▶ _Your instructions_
Please write out only the lines from the line with "Varo radiotaajuista säteilyä, Ibond" to the line with "HPV vaktsiiniga hakatakse", inclusive, exactly as they stand below, without the pictures.

▶ _The data_

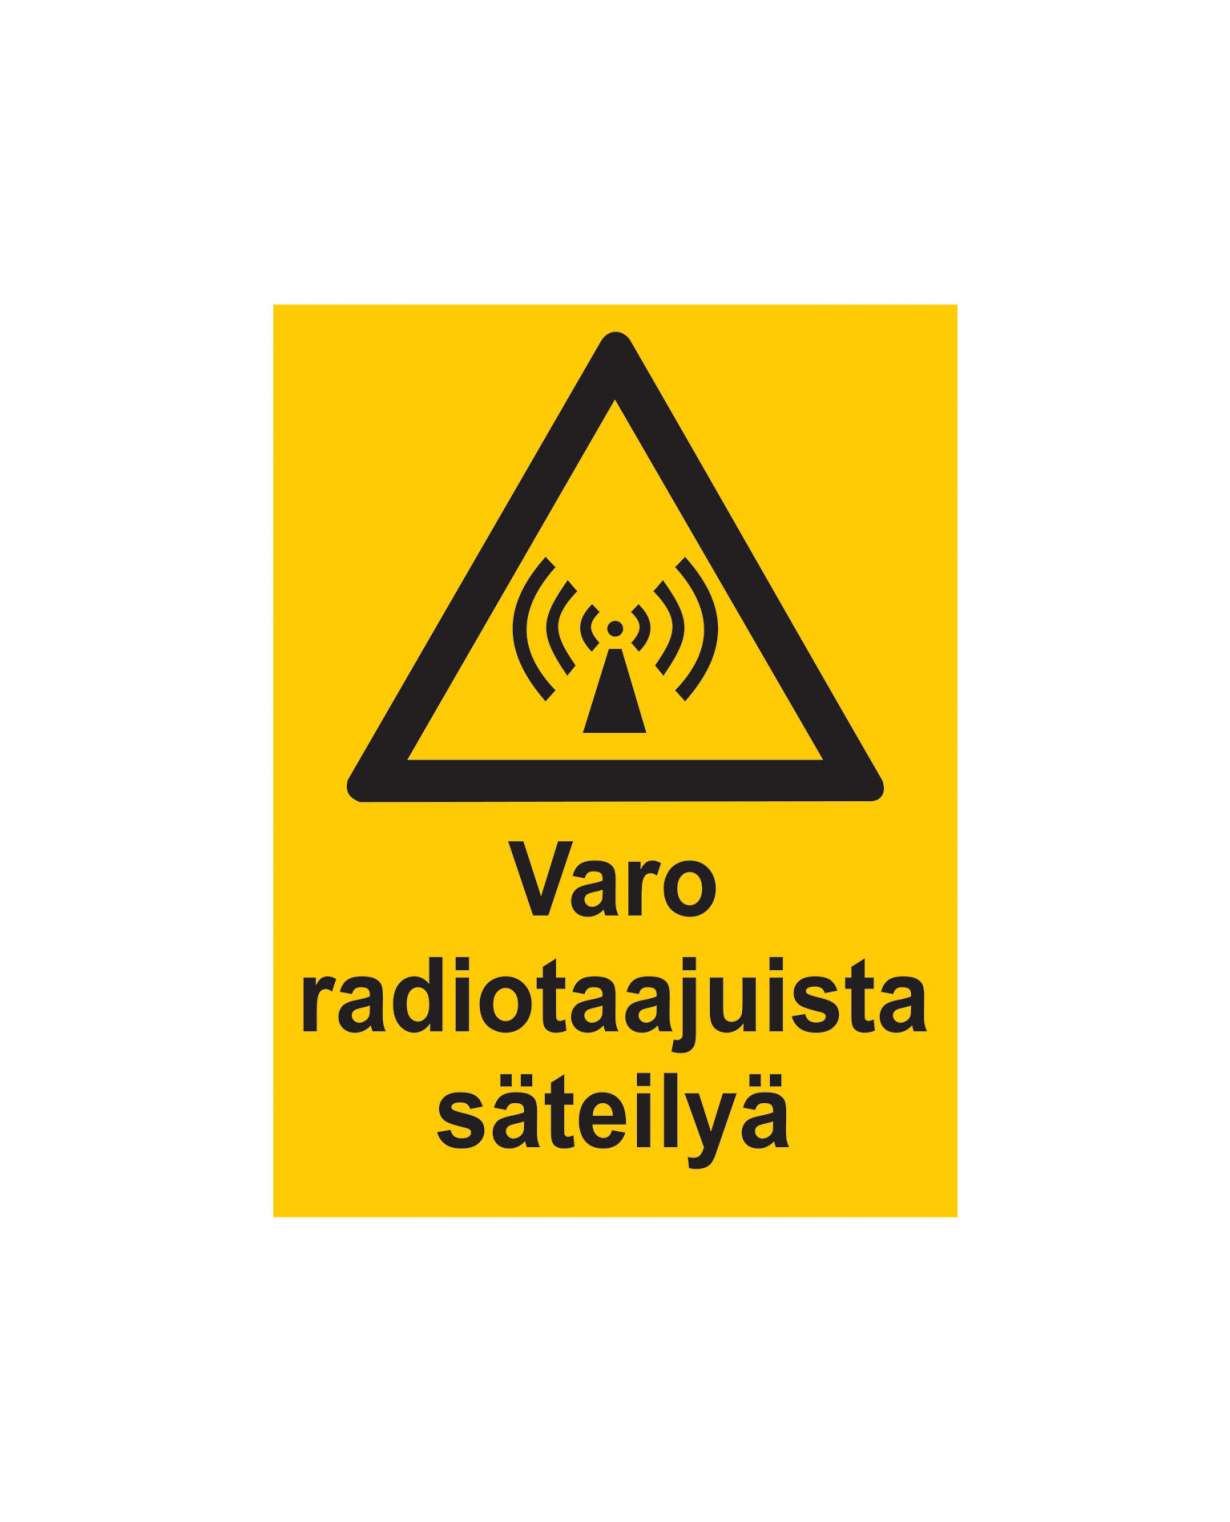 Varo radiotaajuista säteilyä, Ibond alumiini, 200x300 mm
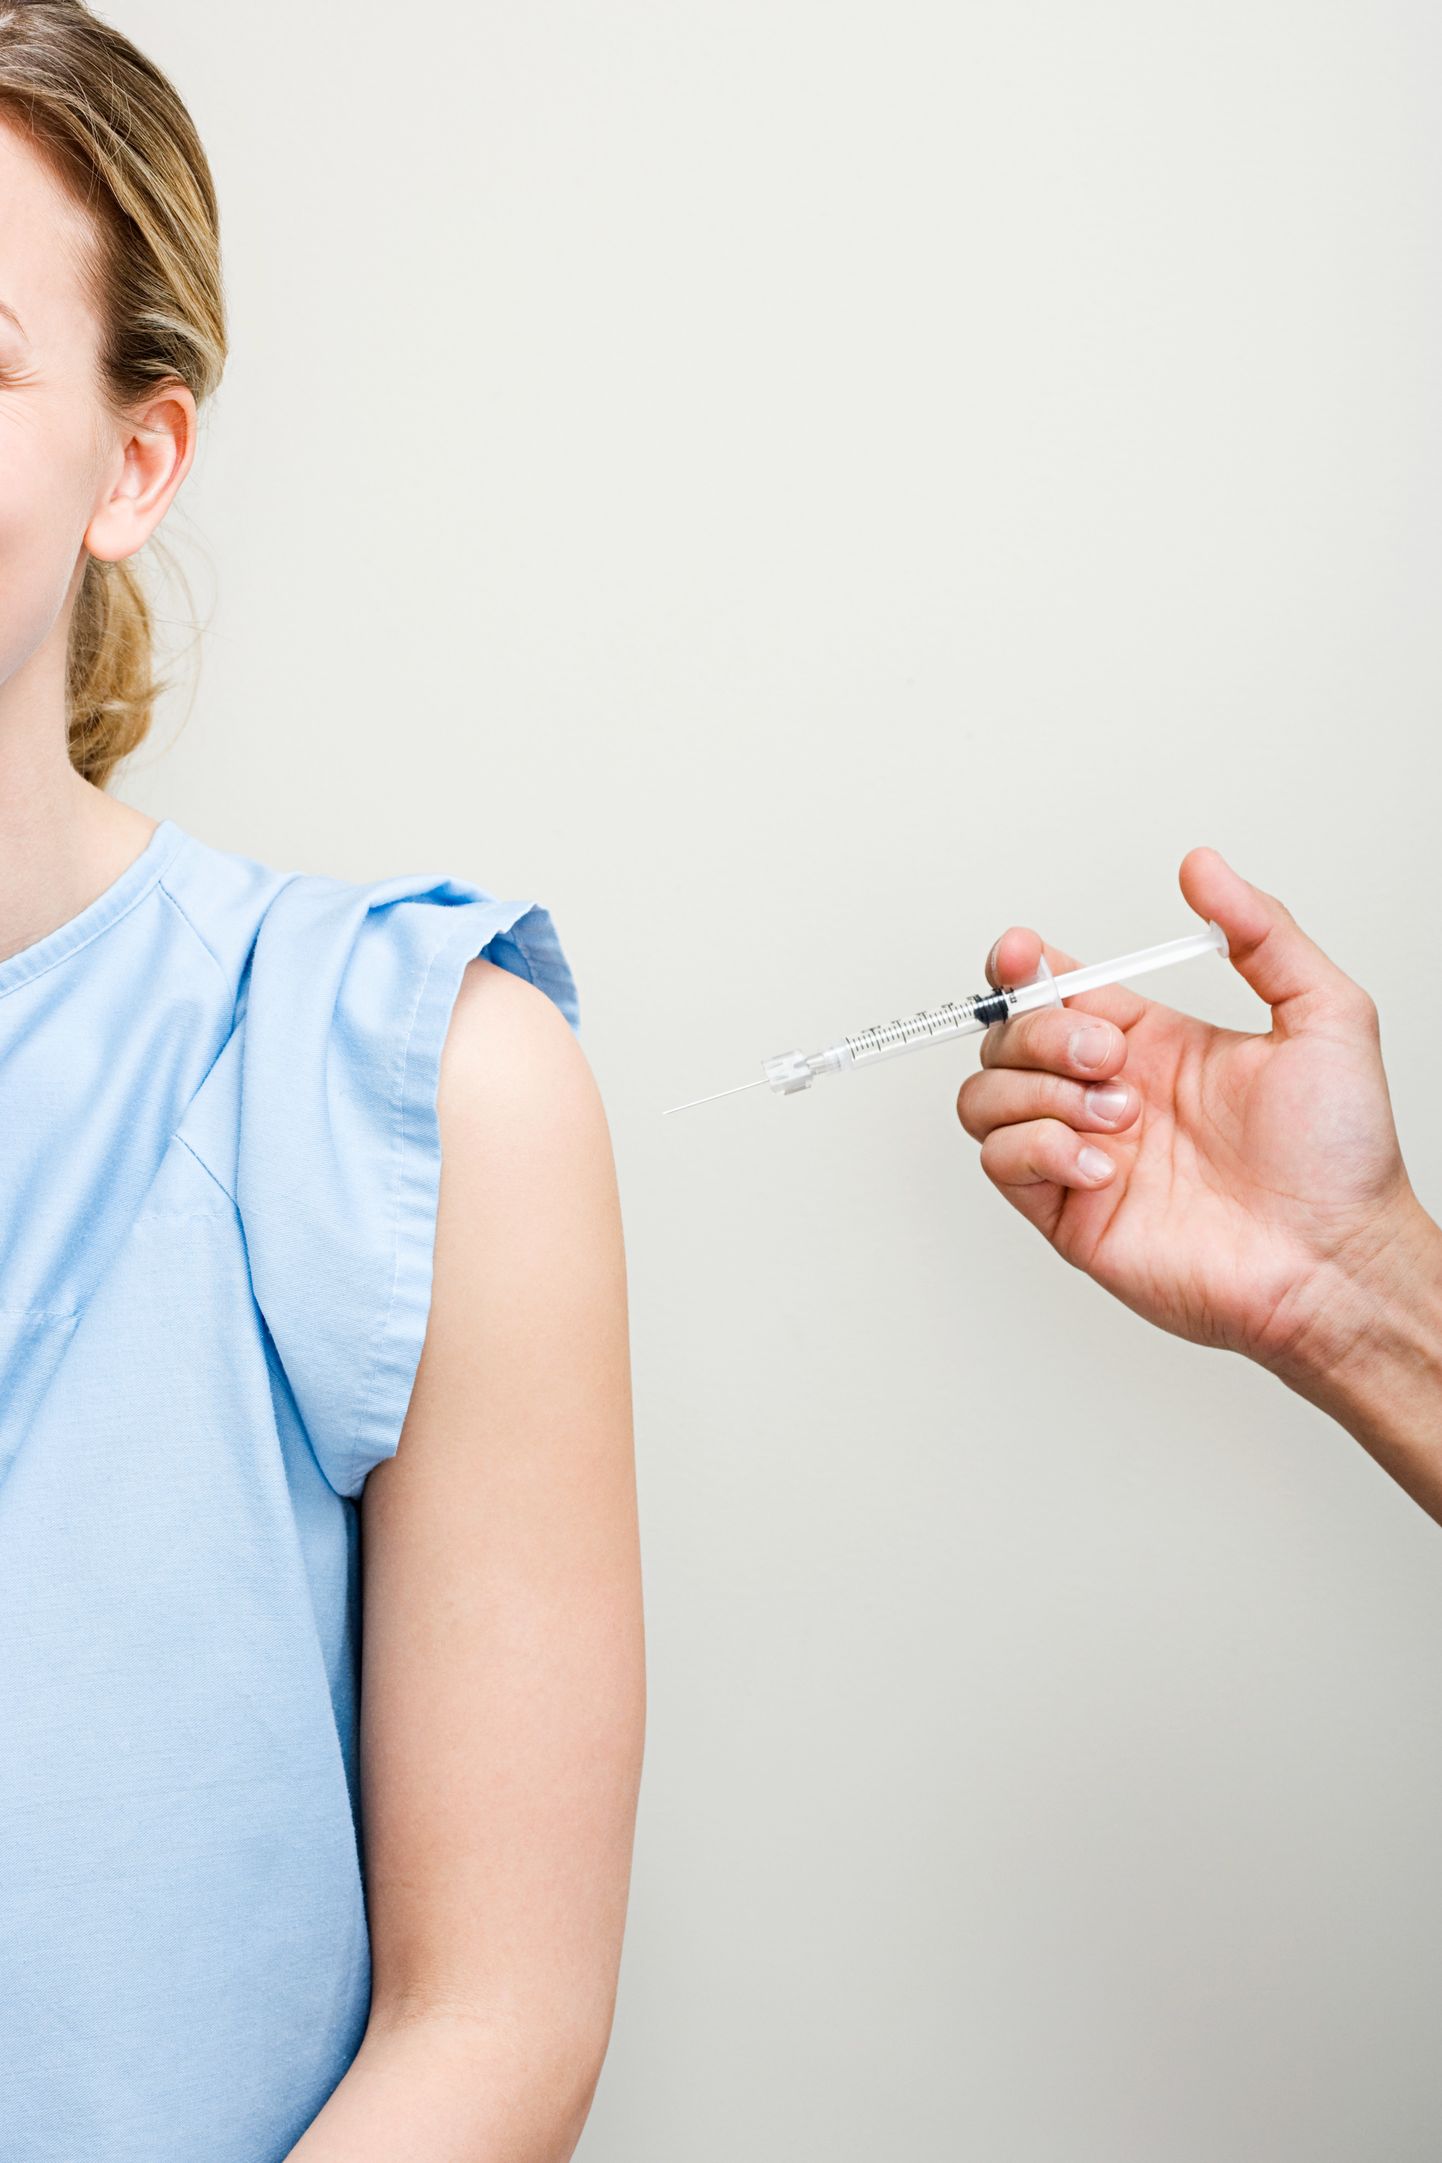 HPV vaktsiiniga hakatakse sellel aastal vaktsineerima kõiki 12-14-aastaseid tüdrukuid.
--
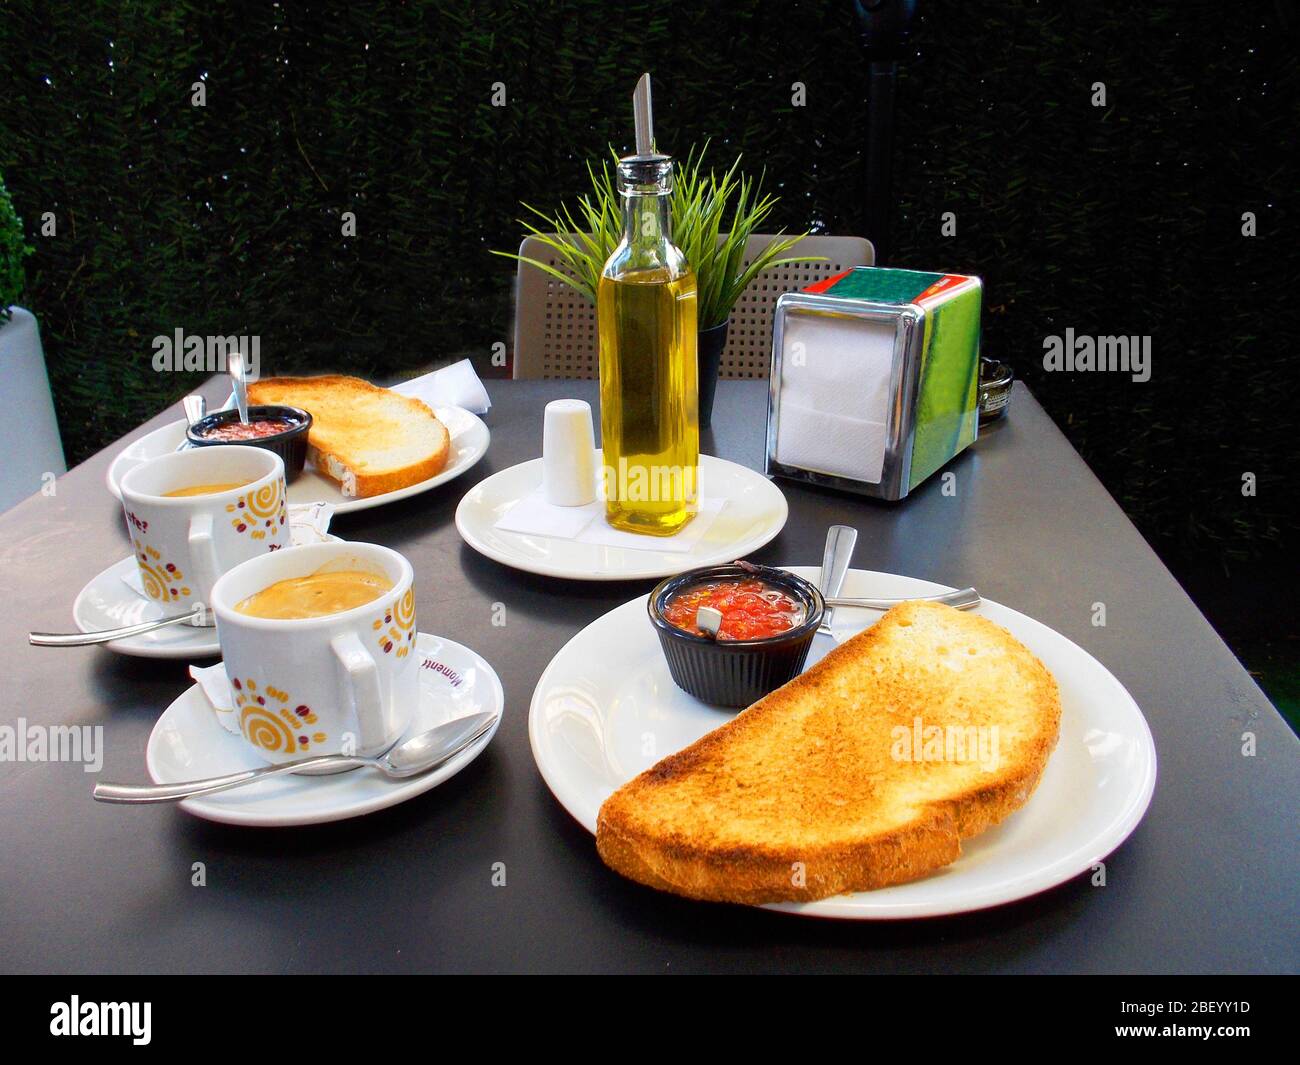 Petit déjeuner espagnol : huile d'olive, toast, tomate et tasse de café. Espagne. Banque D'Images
...
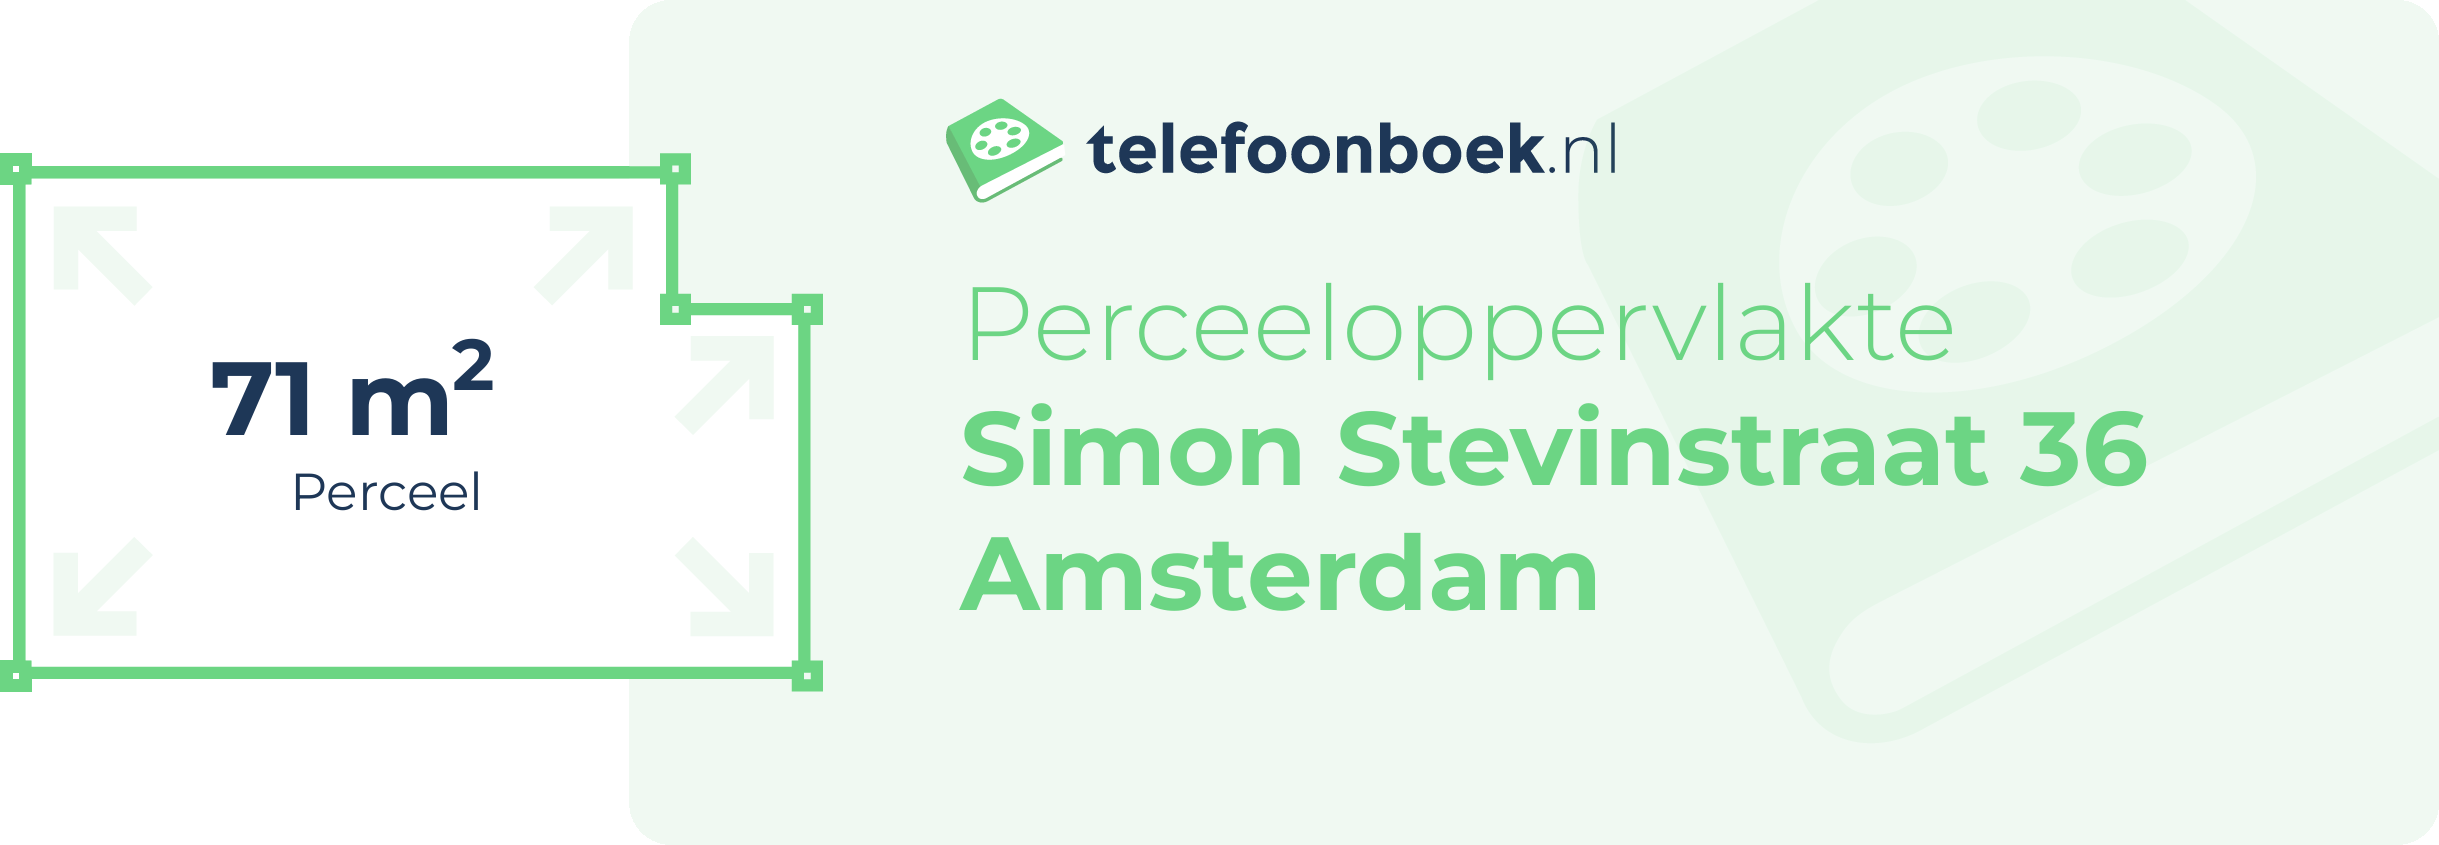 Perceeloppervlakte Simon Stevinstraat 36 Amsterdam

▶ _Solved exercise_
 Varo radiotaajuista säteilyä, Ibond alumiini, 200x300 mm
 HPV vaktsiiniga hakatakse sellel aastal vaktsineerima kõiki 12-14-aastaseid tüdrukuid.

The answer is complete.